Start of Data to use
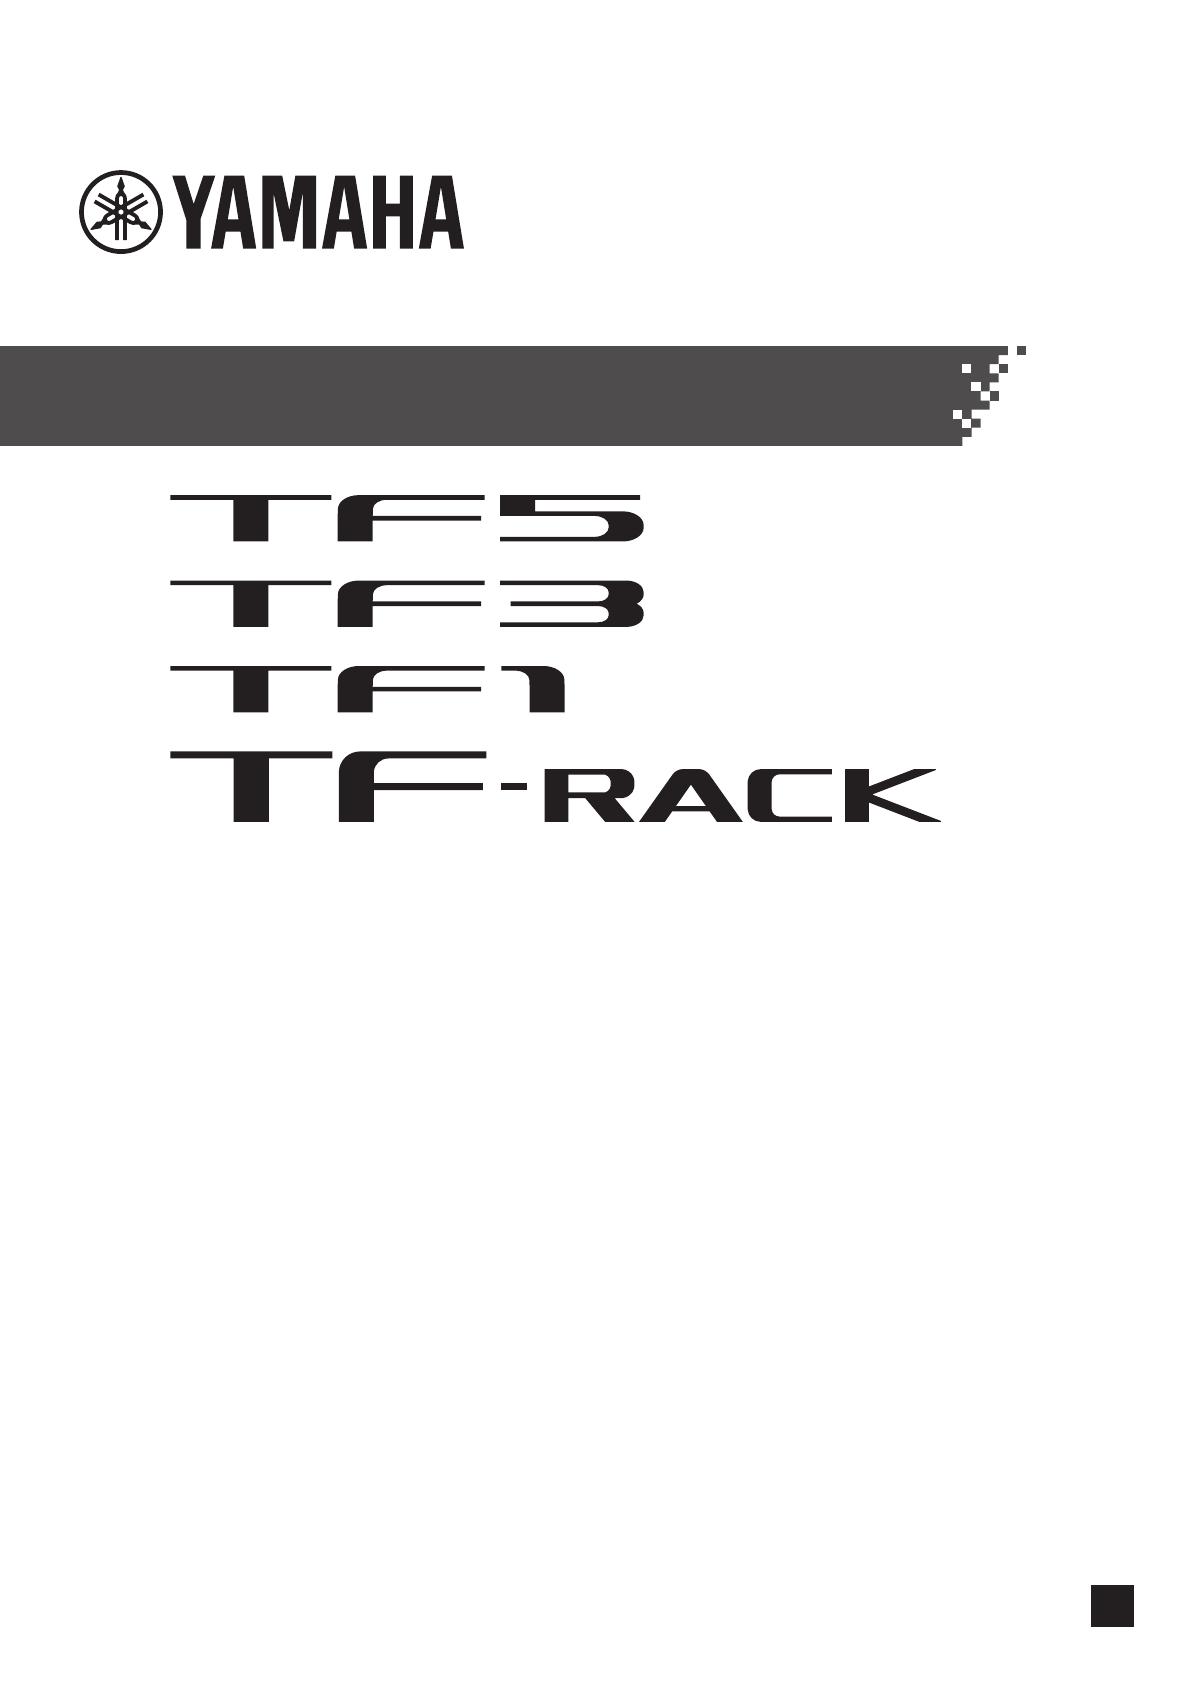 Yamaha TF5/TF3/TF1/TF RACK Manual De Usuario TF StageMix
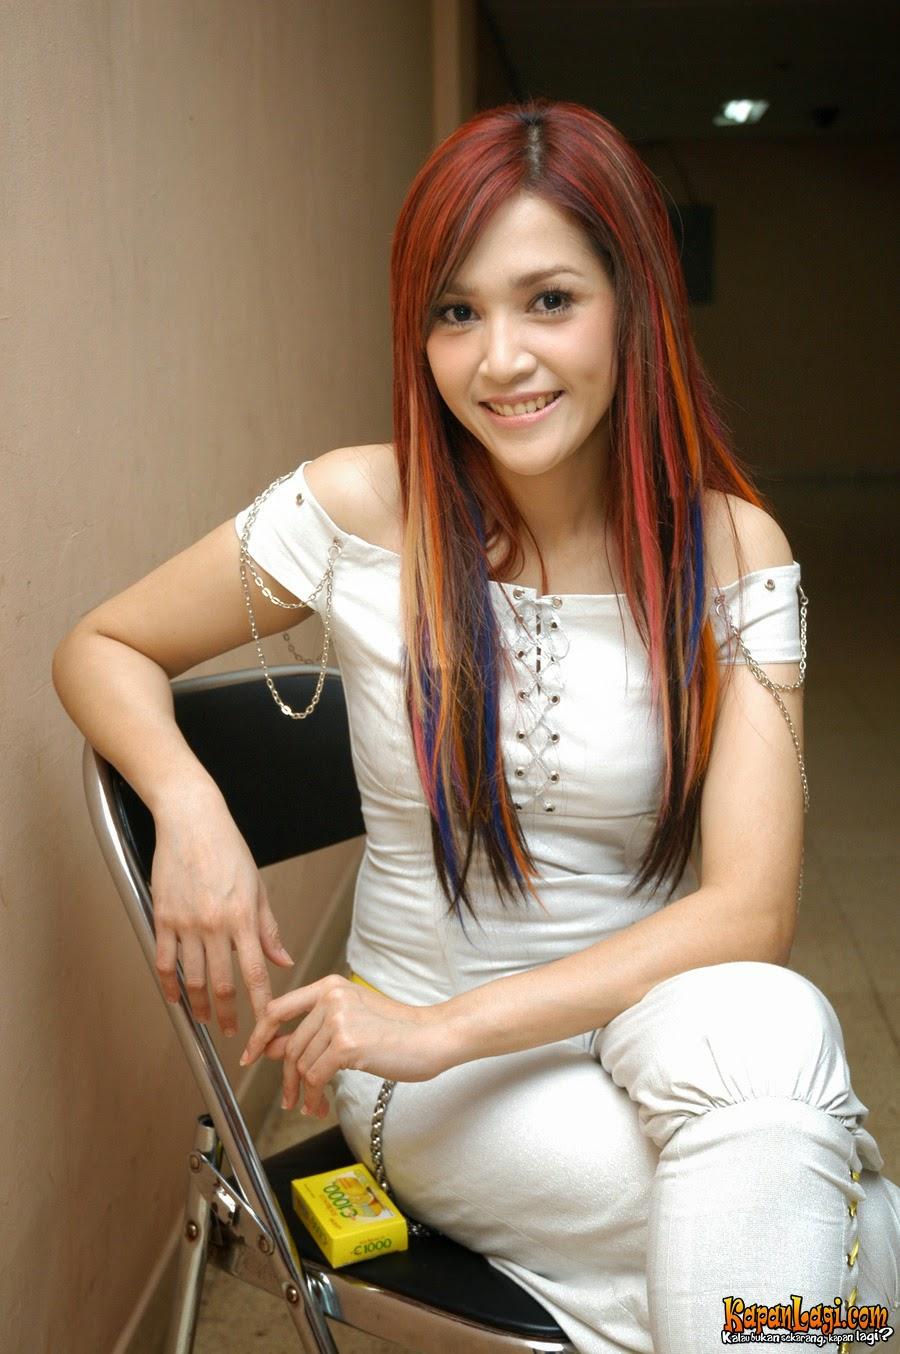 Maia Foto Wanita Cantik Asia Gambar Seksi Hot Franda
End of Data to use
Start of Data to use
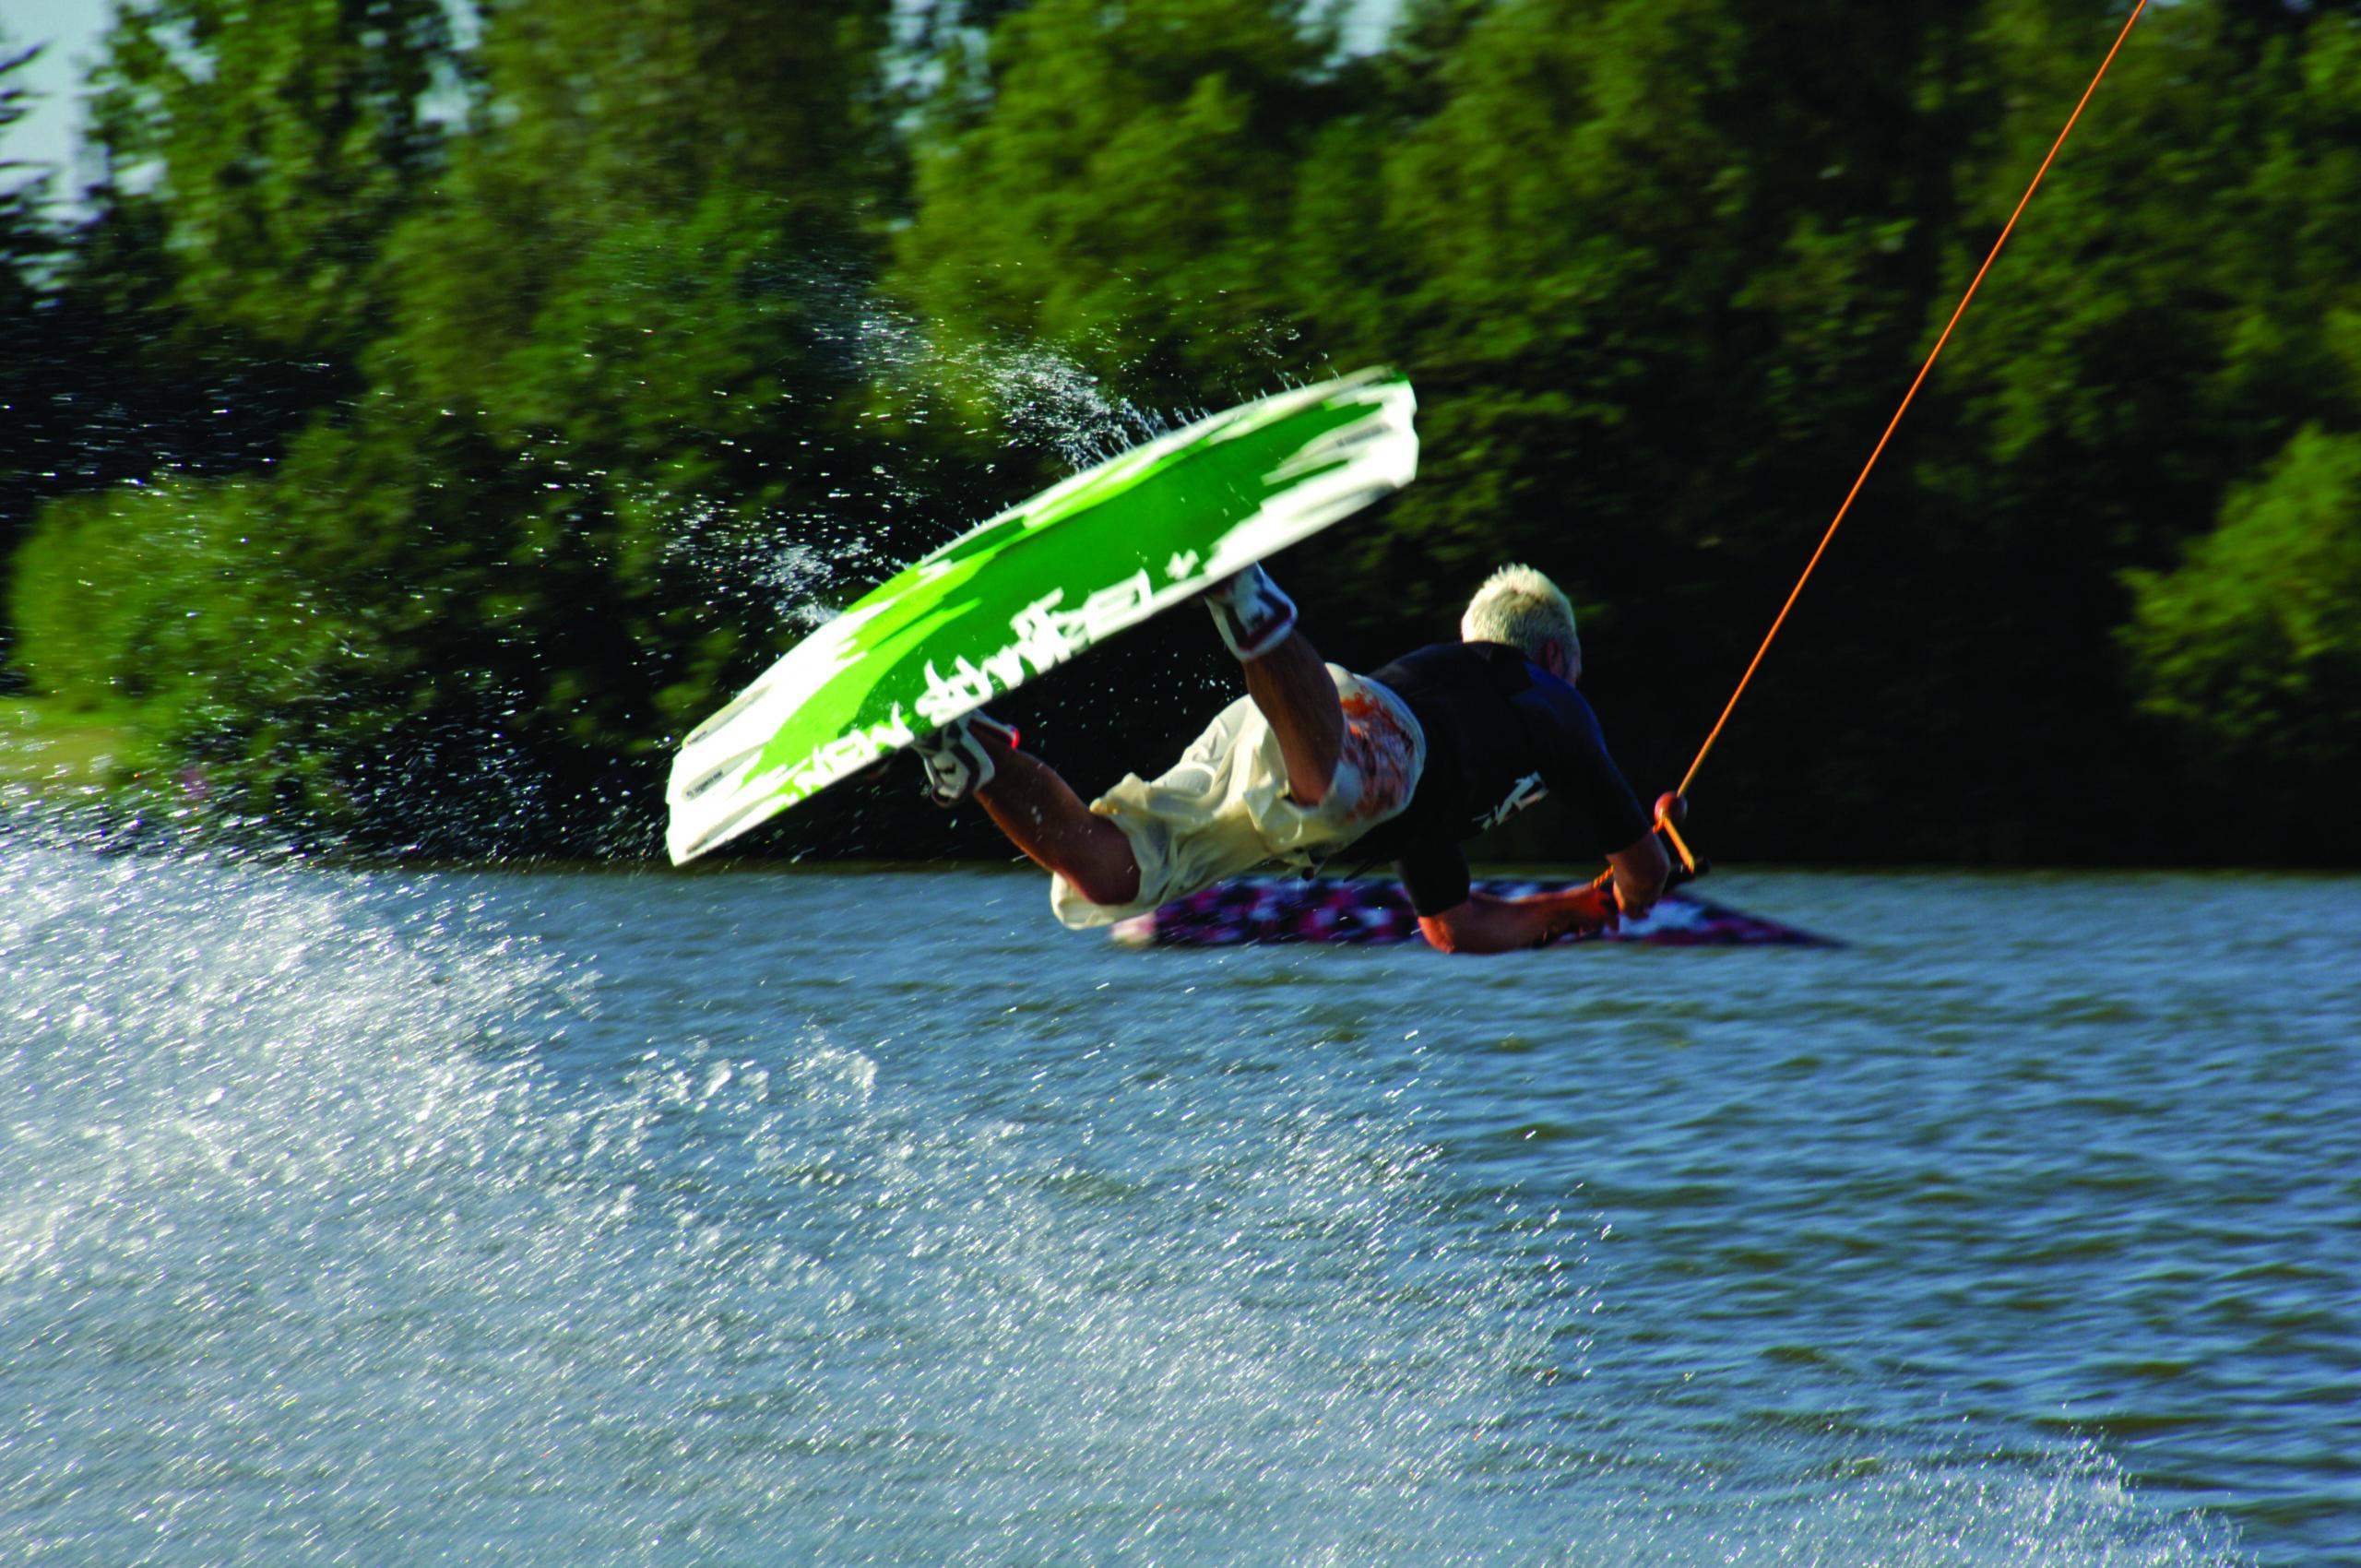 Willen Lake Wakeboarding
End of Data to use
What you should do>
An exact copy of the lines above from the one with "Yamaha TF5/TF3/TF1/TF RACK" up to and including the one with "Maia Foto Wanita" is required; reproduce only those lines, omitting all pictures.

Response to the task>
 Yamaha TF5/TF3/TF1/TF RACK Manual De Usuario TF StageMix
 Maia Foto Wanita Cantik Asia Gambar Seksi Hot Franda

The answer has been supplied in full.